I find it the easiest to reproduce locally with rr:
this hits it every time for me, and without --rr the test mostly passes.
With the following change:
diff --git a/sql/wsrep_mysqld.cc b/sql/wsrep_mysqld.cc
--- a/sql/wsrep_mysqld.cc
+++ b/sql/wsrep_mysqld.cc
@@ -847,7 +847,9 @@ void wsrep_init_globals()
wsrep_init_schema();
if (WSREP_ON)
{
+ WSREP_INFO("before Wsrep_server_state::instance().initialized()");
Wsrep_server_state::instance().initialized();
+ WSREP_INFO("after Wsrep_server_state::instance().initialized()");
}
}
diff --git a/sql/wsrep_utils.cc b/sql/wsrep_utils.cc
index 854c11c1eea..56477d662ed 100644
--- a/sql/wsrep_utils.cc
+++ b/sql/wsrep_utils.cc
@@ -377,6 +377,7 @@ process::wait ()
if (pid_)
{
int status;
+ WSREP_INFO("Waiting for process %s", str_);
if (-1 == waitpid(pid_, &status, 0))
{
one can easily see why it hangs.
This is when the test passed:
2022-12-24 13:32:49 0 [Note] WSREP: before Wsrep_server_state::instance().initialized()

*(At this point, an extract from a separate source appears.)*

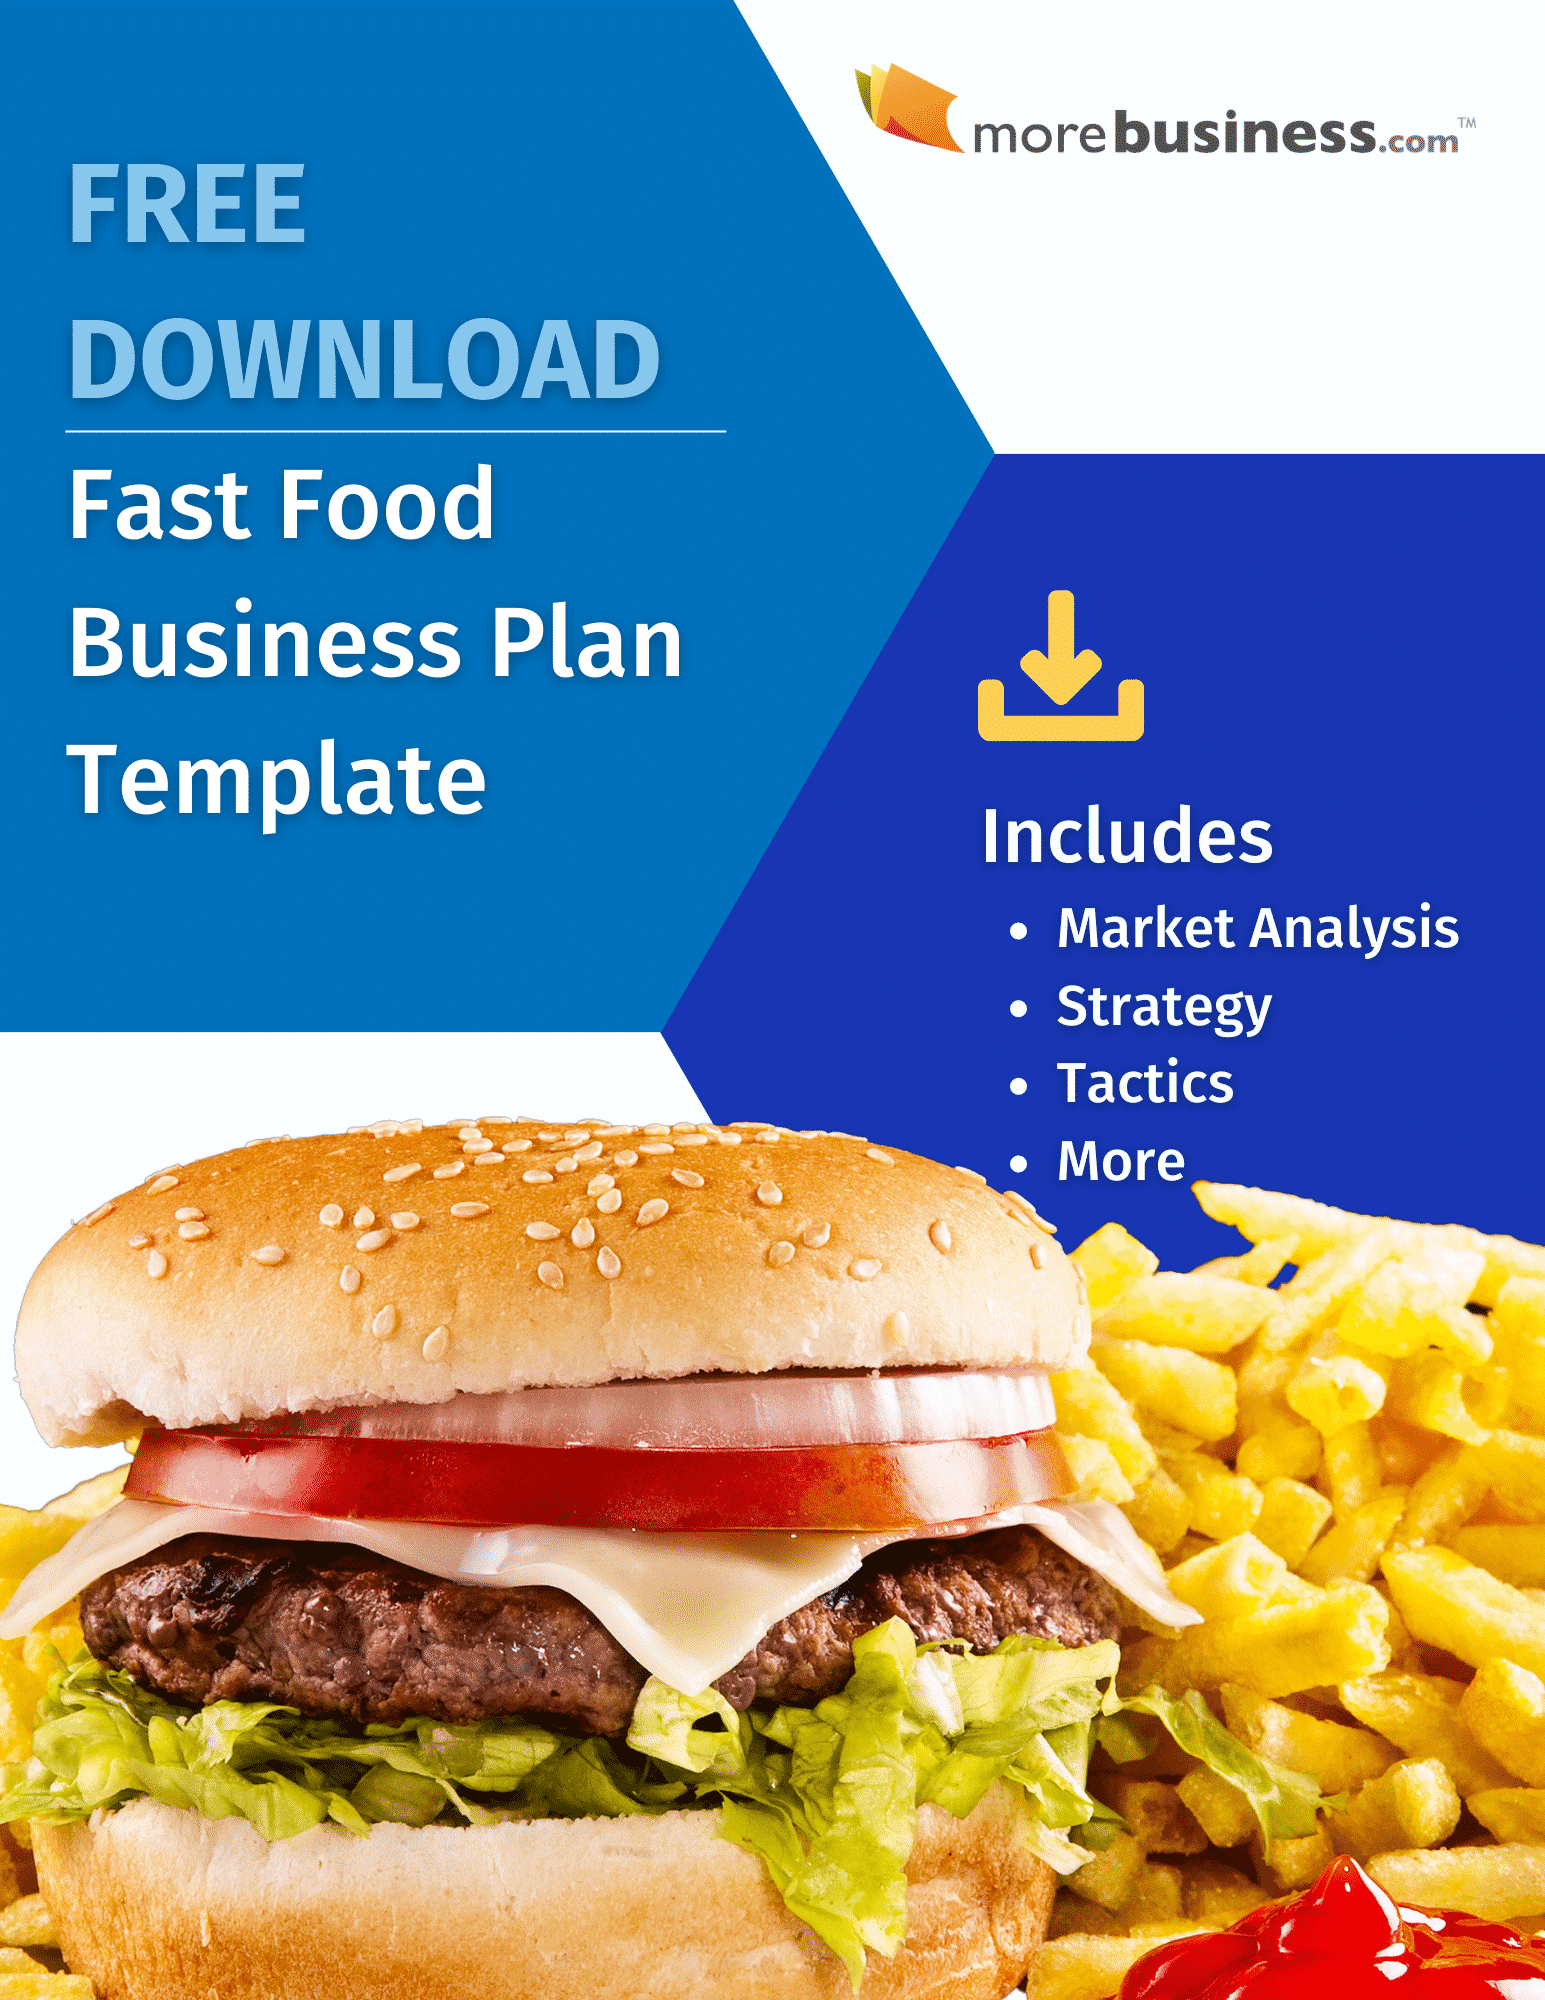 Fast Food Restaurant Business Plan  MoreBusiness.com Throughout Why Write A Restaurant Enterprise Plan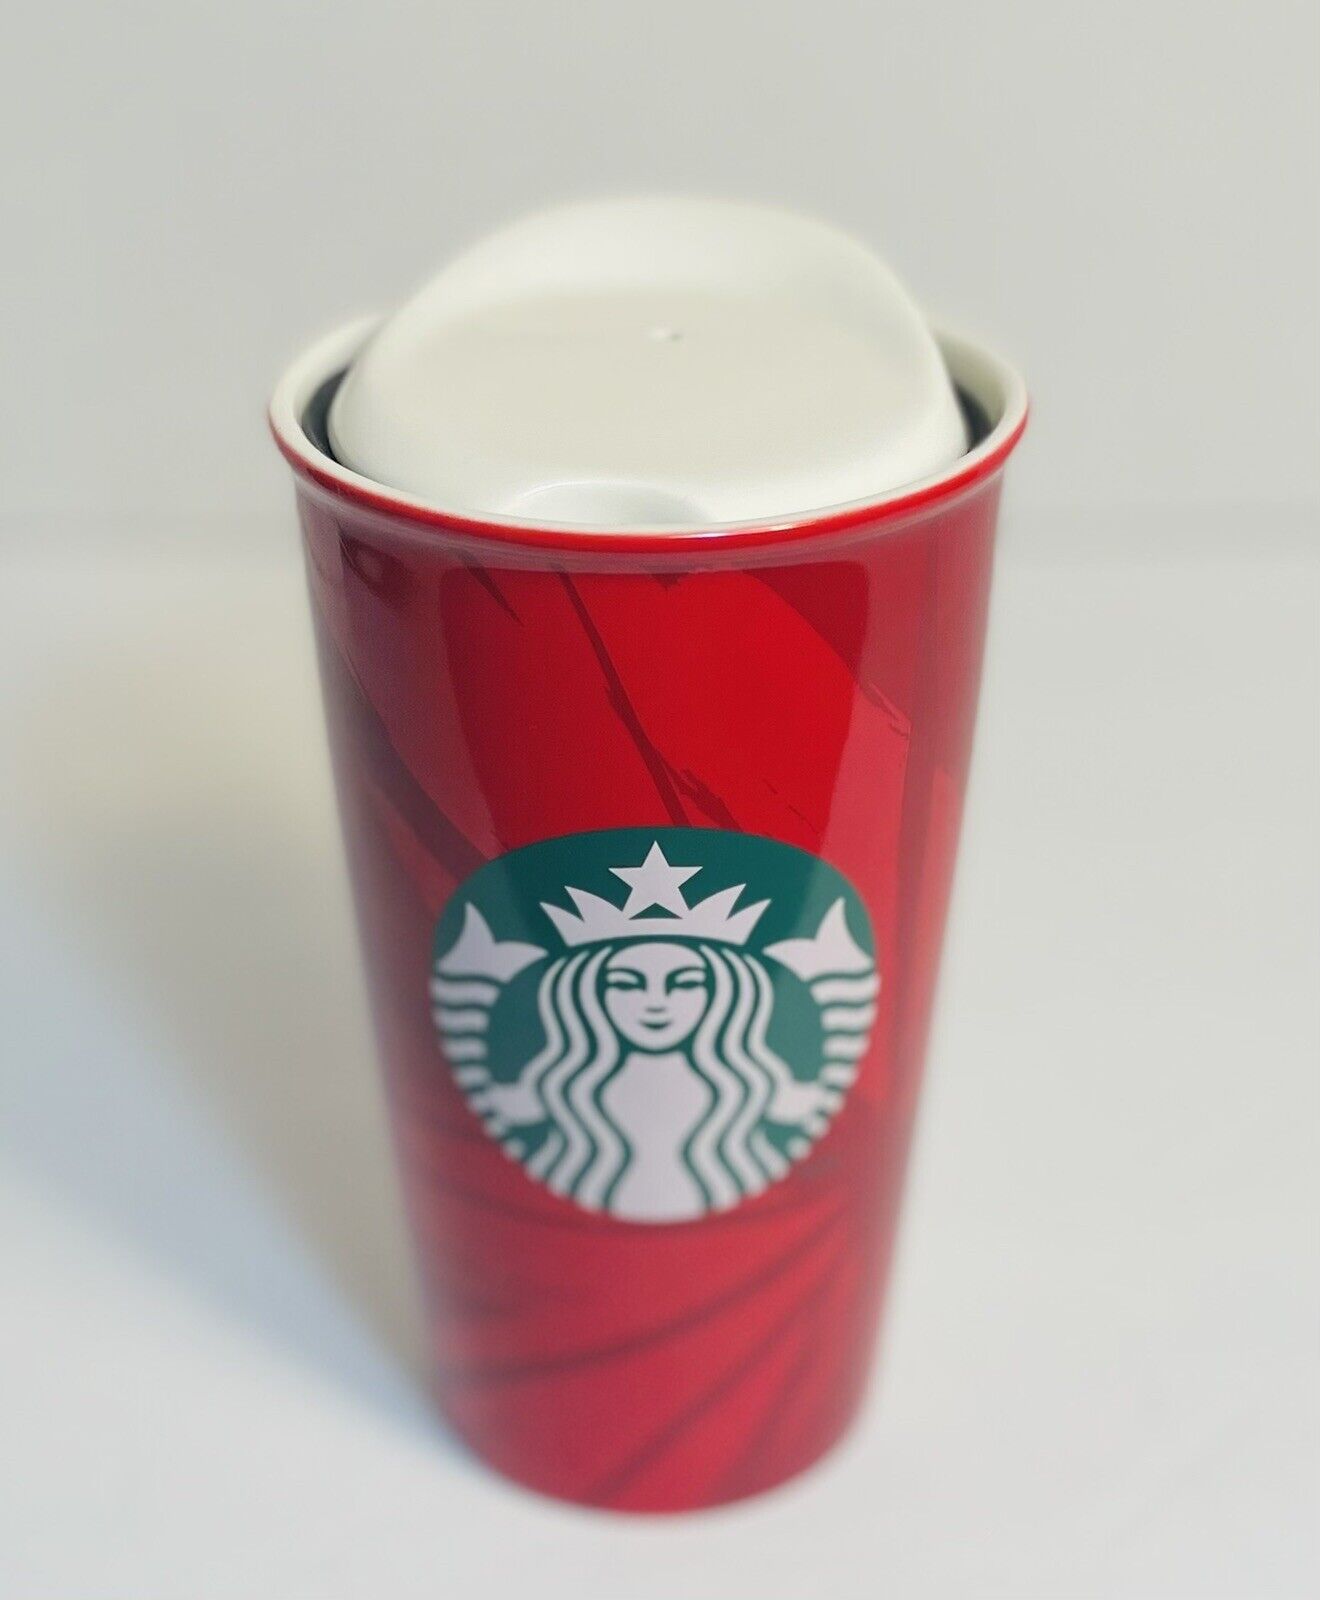 2014 Starbucks Coffee Cup Mug Red 12 oz Ceramic Tumbler Lid Mermaid Logo

2022-12-24 13:32:49 0 [Note] WSREP: Server initialized
2022-12-24 13:32:49 0 [Note] WSREP: Server status change initializing -> initialized
2022-12-24 13:32:49 0 [Note] WSREP: Waiting for process /home/serg/Abk/maria/mysql-test/std_data/wsrep_notify.sh --status initialized
2022-12-24 13:32:49 2 [Note] WSREP: Bootstrapping a new cluster, setting initial position to 00000000-0000-0000-0000-000000000000:-1
2022-12-24 13:32:49 0 [Note] WSREP: after Wsrep_server_state::instance().initialized()
Here:
And this is from the timed out test:
2022-12-24 13:19:02 0 [Note] WSREP: before Wsrep_server_state::instance().initialized()
2022-12-24 13:19:02 0 [Note] WSREP: Server initialized
2022-12-24 13:19:02 0 [Note] WSREP: Server status change initializing -> initialized
2022-12-24 13:19:02 0 [Note] WSREP: Waiting for process /home/serg/Abk/maria/mysql-test/std_data/wsrep_notify.sh --status initialized
2022-12-24 13:19:02 2 [Note] WSREP: Bootstrapping a new cluster, setting initial position to 00000000-0000-0000-0000-000000000000:-1
2022-12-24 13:19:02 5 [Note] WSREP: Cluster table is empty, not recovering transactions
2022-12-24 13:19:02 2 [Note] WSREP: Server status change initialized -> joined
2022-12-24 13:19:02 2 [Note] WSREP: Waiting for process /home/serg/Abk/maria/mysql-test/std_data/wsrep_notify.sh --status joined
As you see, server status has changed to "joined" before Wsrep_server_state::instance().initialized() returned, so the script is started with a new status, on "joined" it tries to connect to the server to update some table, but the server isn't initialized yet, it's not listening for connections. So the server waits for the script to finish, script waits for mariadb client to connect, and the client cannot connect, because the server isn't listening.